[Start of Attachment]

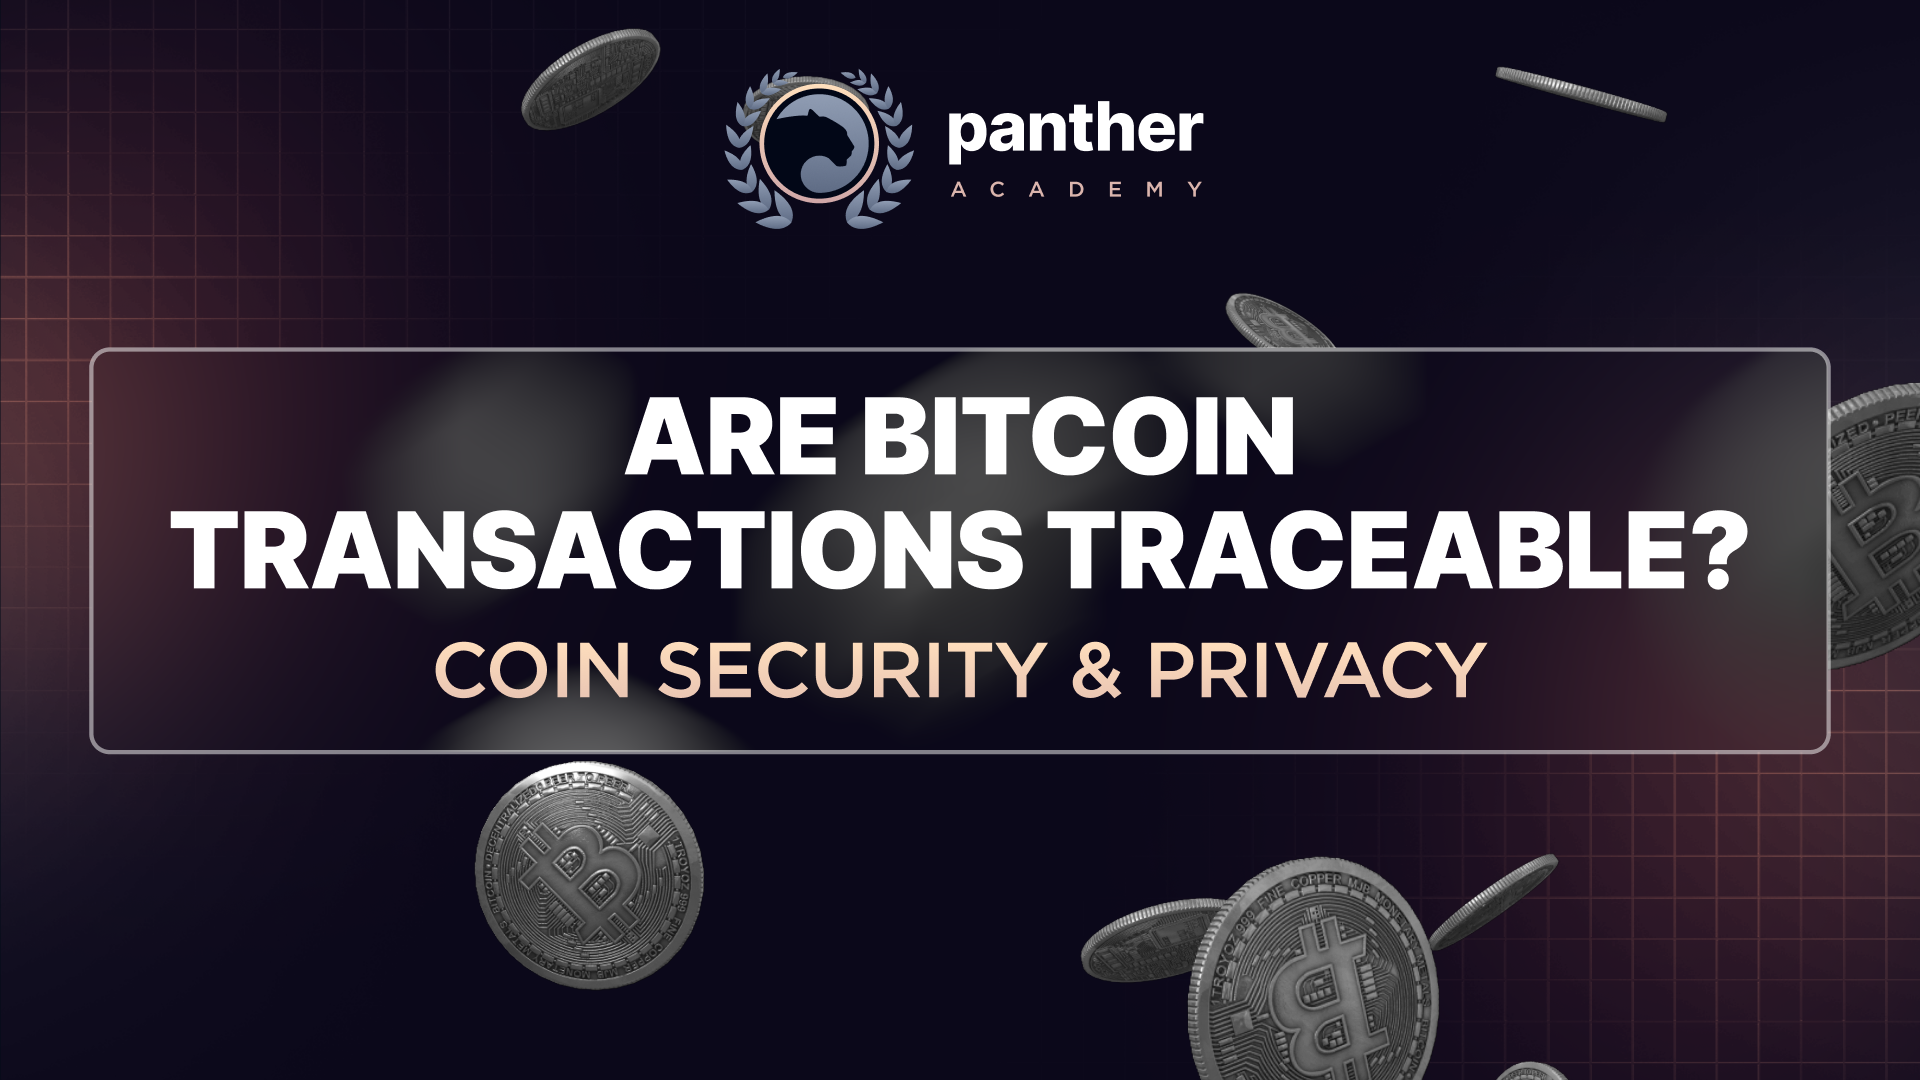 Are Bitcoin transactions traceable? Coin security & privacy
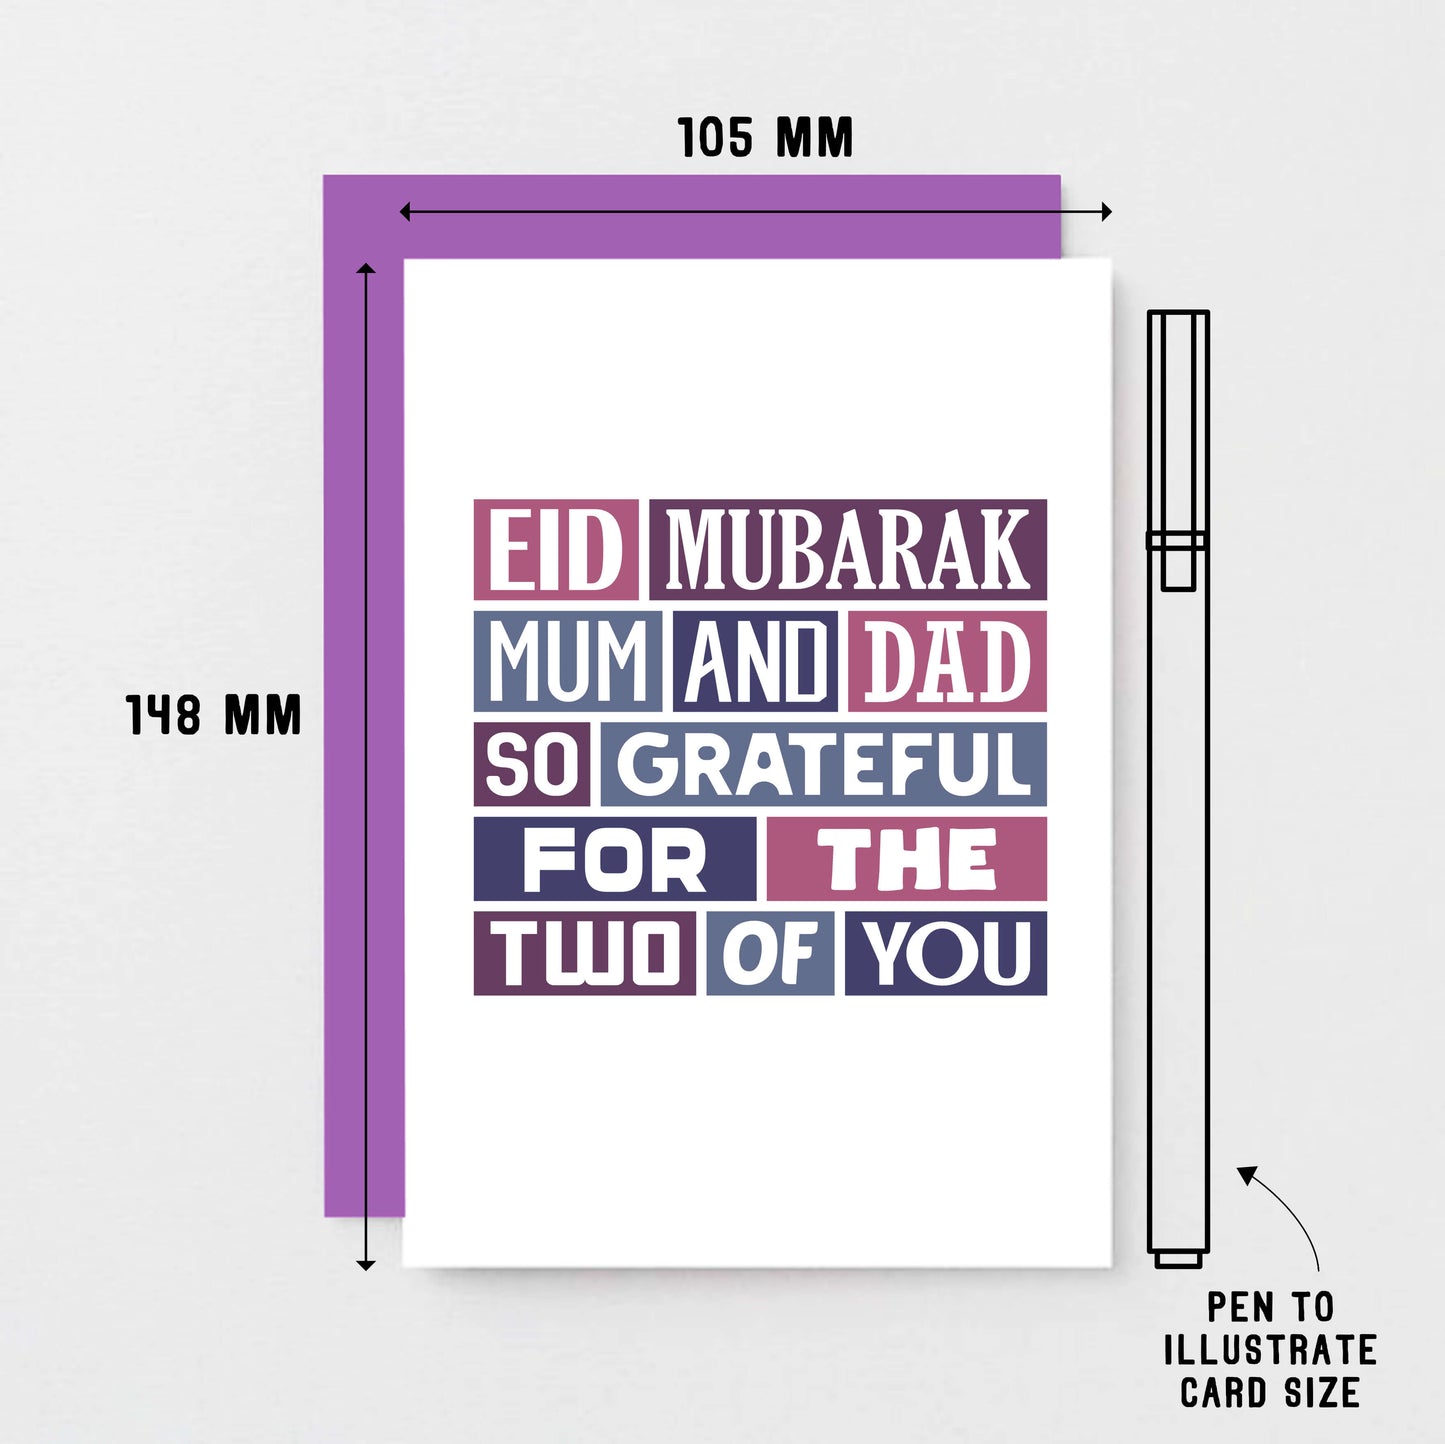 Eid Mubarak Card by SixElevenCreations. Reads Eid Mubarak Mum and Dad. So grateful for the two of you. Product Code SEH0013A6
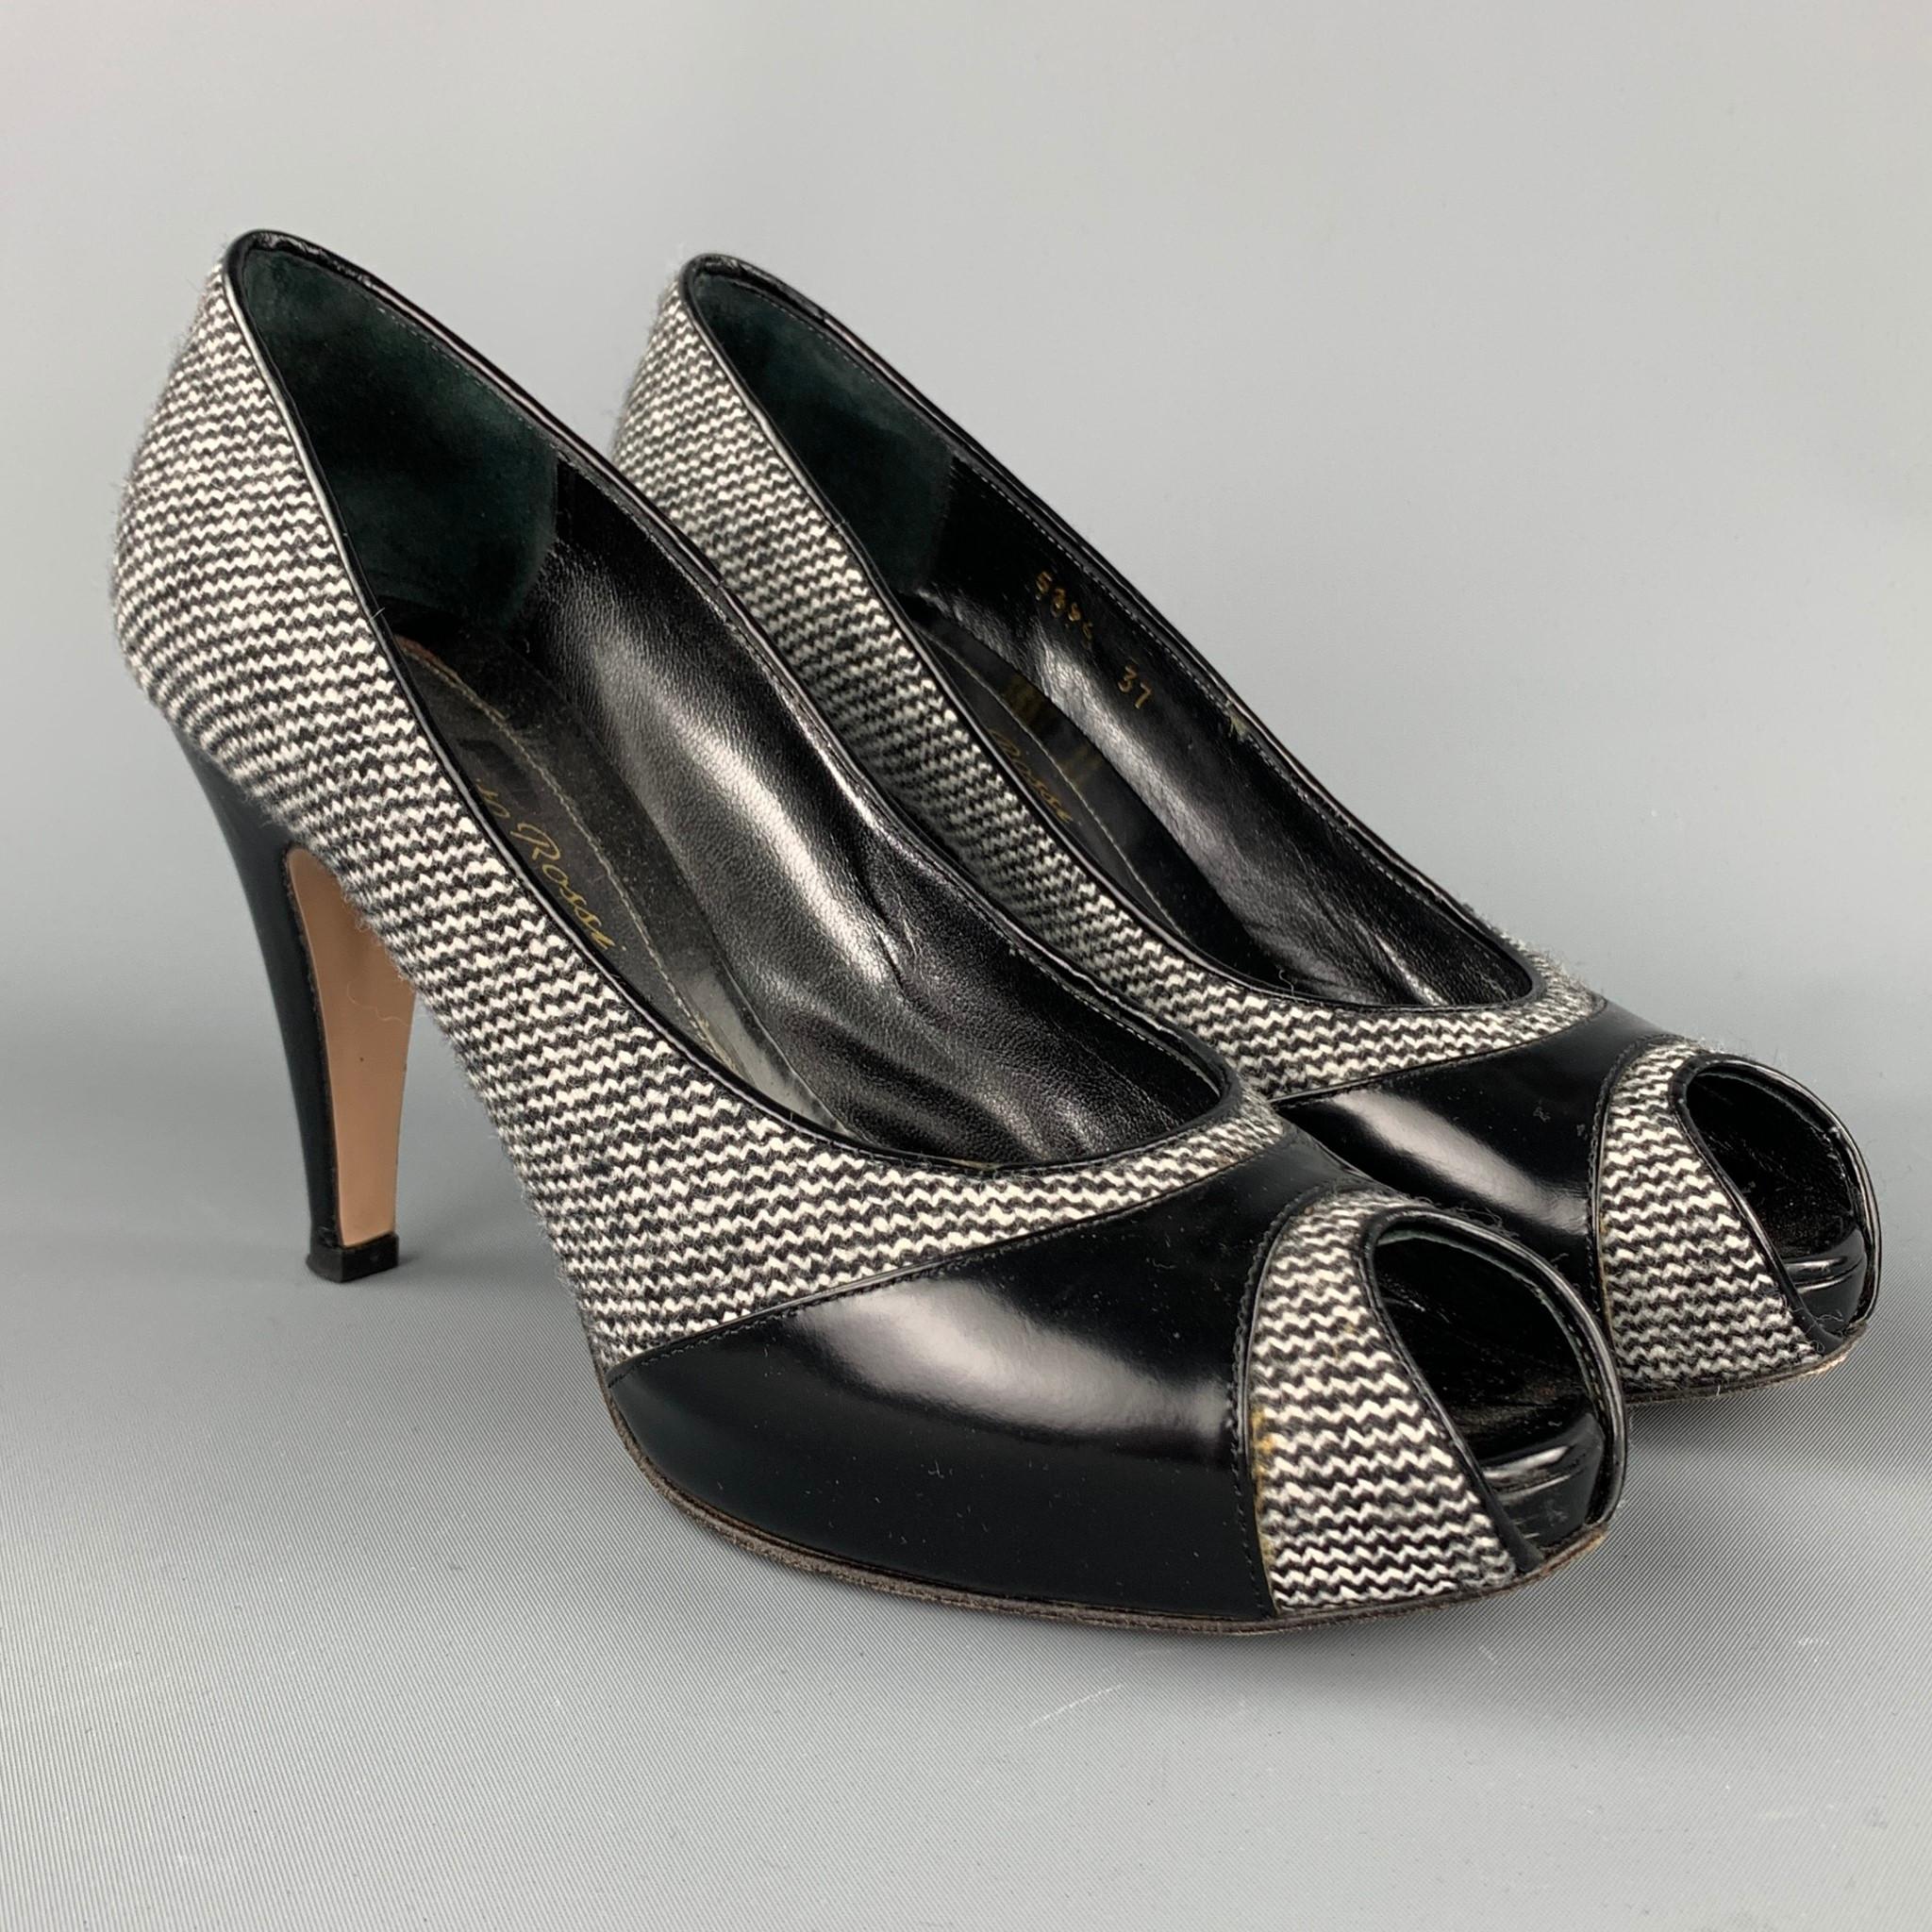 GIANVITO ROSSI pumps comes in a grey tweed with a black patent leather trim featuring a open toe style and a wooden heel. Made in Italy.

Very Good Pre-Owned Condition.
Marked: EU 37

Measurements:

Heel: 4 in.
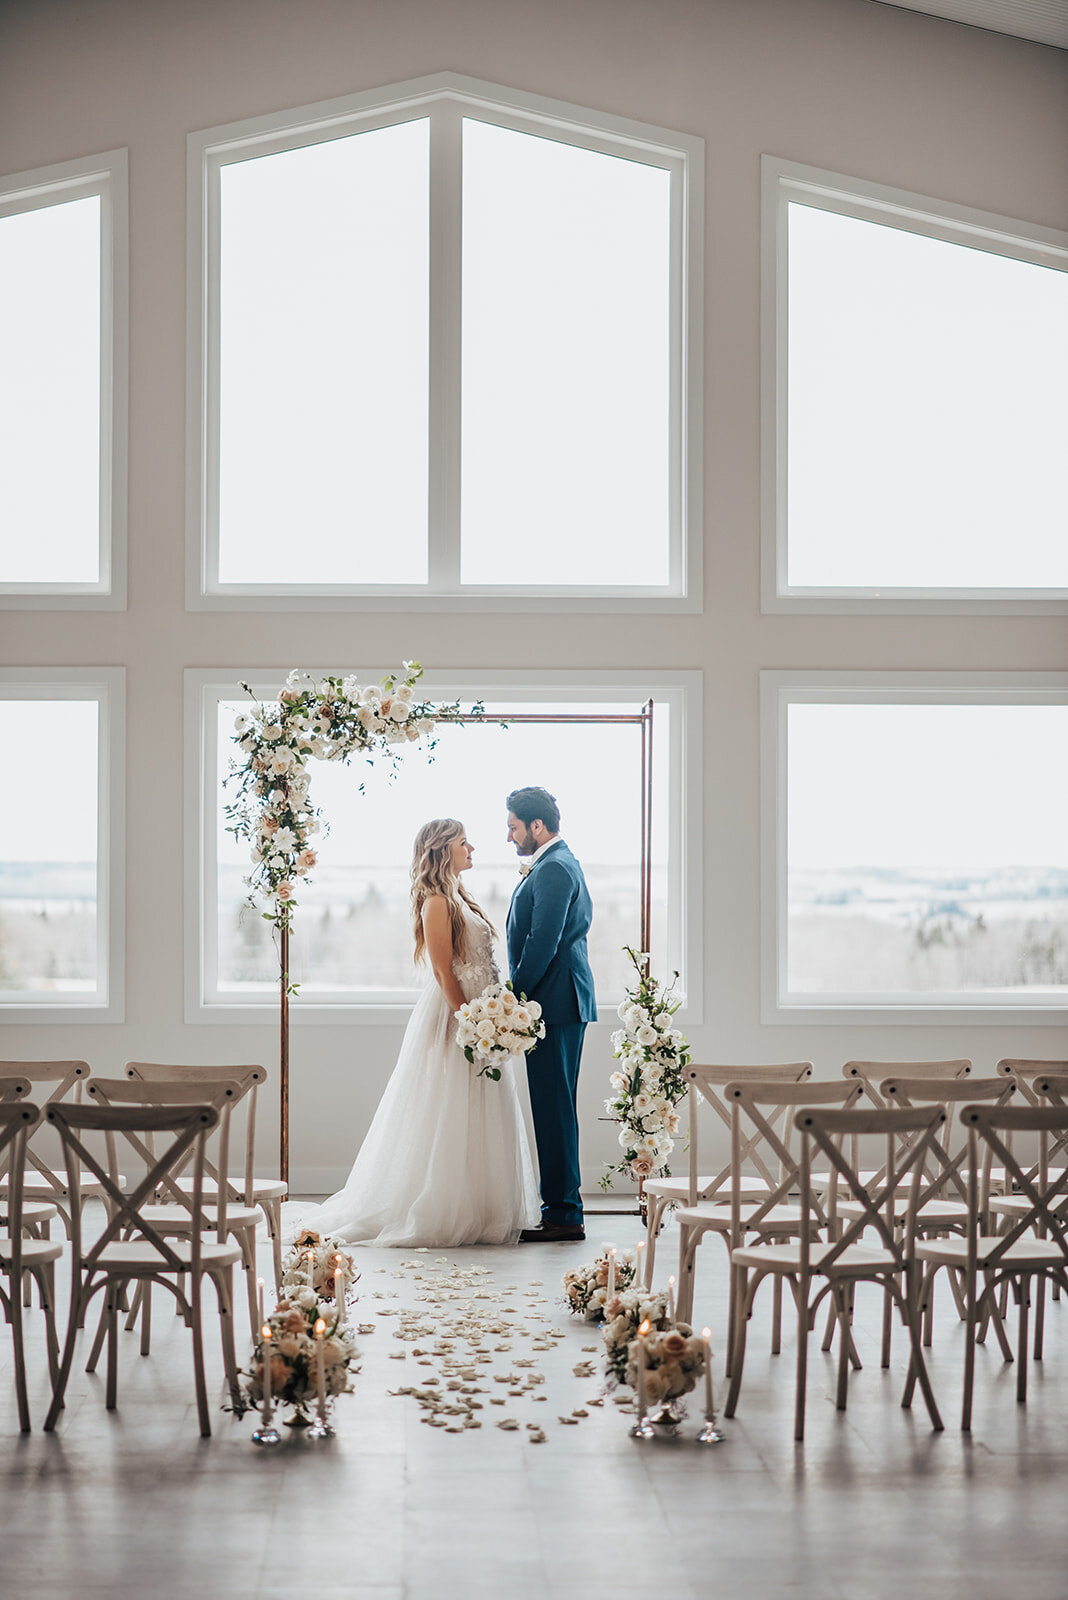 Stunning and romantic indoor ceremony at Tin Roof Event Centre, a modern wedding venue in Lacombe, Alberta, featured on the Brontë Bride Vendor Guide.

[End of Attachment]

## Work instructions
Reproduce all entries without any change, and omit the pictures.

## Problem solution
 Are Bitcoin transactions traceable? Coin security & privacy
 Eid Mubarak Card by SixElevenCreations. Reads Eid Mubarak Mum and Dad. So grateful for the two of you. Product Code SEH0013A6
 GIANVITO ROSSI pumps comes in a grey tweed with a black patent leather trim featuring a open toe style and a wooden heel. Made in Italy.

Very Good Pre-Owned Condition.
Marked: EU 37

Measurements:

Heel: 4 in.
 Stunning and romantic indoor ceremony at Tin Roof Event Centre, a modern wedding venue in Lacombe, Alberta, featured on the Brontë Bride Vendor Guide.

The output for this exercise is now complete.